Und dann plötzlich: Orgel. Bei Dominique Johnsons „Take Me To The River“ fühlt sich auf einmal alles völlig richtig an. Kein wäre, wenn nicht, kein könnte, wenn hätte – hier ist gleich ab dem ersten Takt alles da. Wärme, Gospel, Körper. Und in den letzten 35 Sekunden gibt‘s noch soulful Frauengesang on top. Oh yes, Lord! Frappierend, was man aus einem Original, das mit seinem straighten Vierer-Beat wie der klanggewordene alte weiße Mann klingt, alles zaubern kann.

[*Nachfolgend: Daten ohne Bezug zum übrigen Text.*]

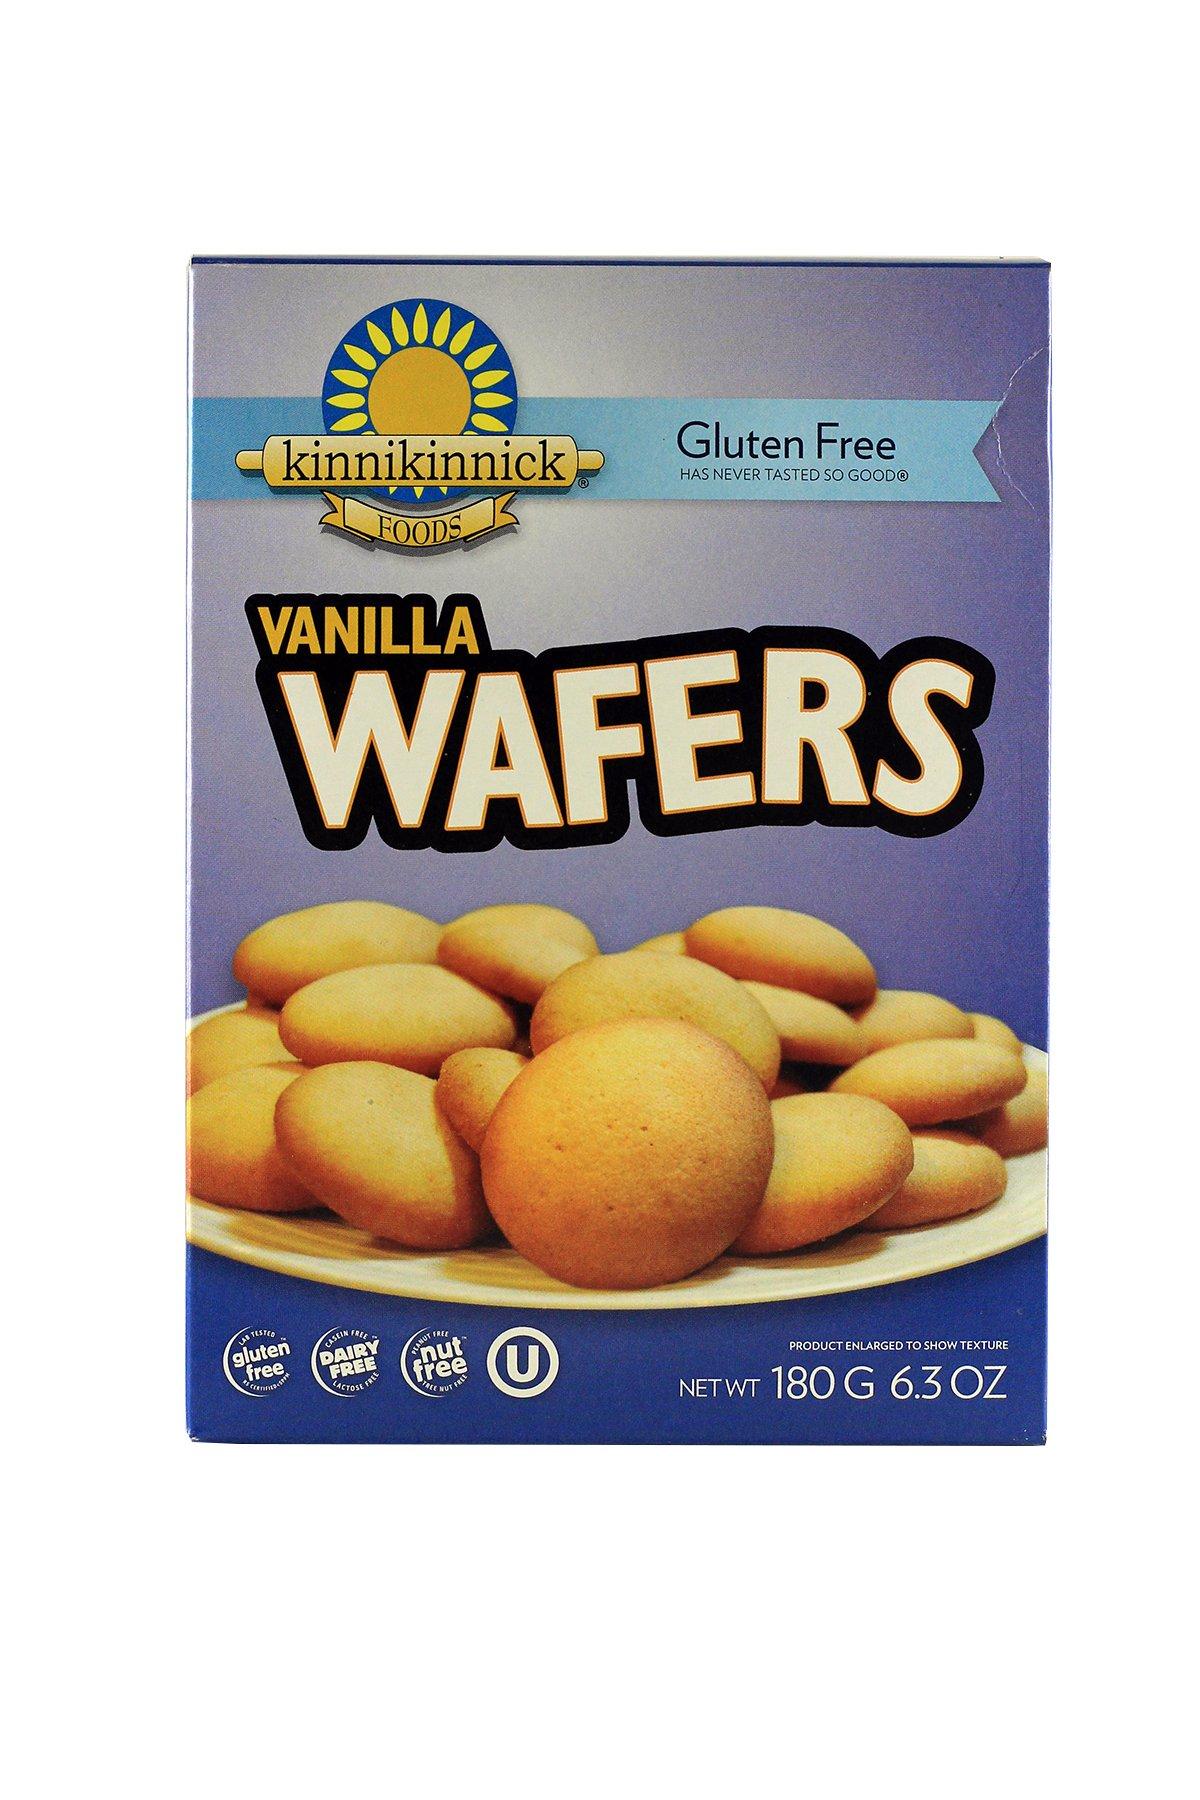 Kinnikinnick Foods, Gluten Free, Vanilla Wafers, 6.3 oz (180g) Kinnikinnick Foods, Gluten Free, Vanilla Wafers, 6.3 oz (180g) - 2pcs

Der Abschluss gehört dem jungen Londoner Komponisten und Sounddesigner Leon Jean-Marie und seiner Klavierballadenfassung von „This Must Be The Place (Naive Melody)“, getragen von einer bezwingenden Stimme, die das ganze Ding samt seiner ikonischen Zeile Never for money, always für love derart versöhnlich nach Hause bringt, dass man ihm auch die überzuckerten Streicher am Schluss verzeiht. Oder, wie er selbst singt: Home is where I wanna be but I guess I’m already there.
Man könnte nun meinen, die Errungenschaft dieses Albums liege nicht darin, Skeptikern die Liebe zu den Talking Heads zu lehren, sondern vielmehr darin, eine Handvoll Künstler (wieder) zu entdecken, deren eigene Arbeiten verfolgt sein wollen – Stichwort Astrønne. Doch dann setzt ein im Hintergrund wirkender, dem stoischen Puls der Musik nicht unähnlicher Prozess ein, in dessen Verlauf man nach Naive Melodies die talkinghead’schen Originale mit anderen Ohren hört – und plötzlich gar nicht mehr ganz so unberührend findet wie zuvor.

Sich durch dieses Cover-Album Stück für Stück hindurchzuhören, hindurchzuarbeiten, manchmal ratlos, manchmal genervt, manchmal aber auch begeistert, führt letztlich zu einer rückwirkenden Transformation, die am Ende zumindest verstehen lässt, warum man die Talking Heads (neu) hören will. Selbstverständlich ist das auch auf Doppel-Vinyl möglich. Ich persönlich kann mit ihnen und ihrer Musik immer noch nicht allzuviel anfangen. Aber jetzt weiß ich wenigstens, warum.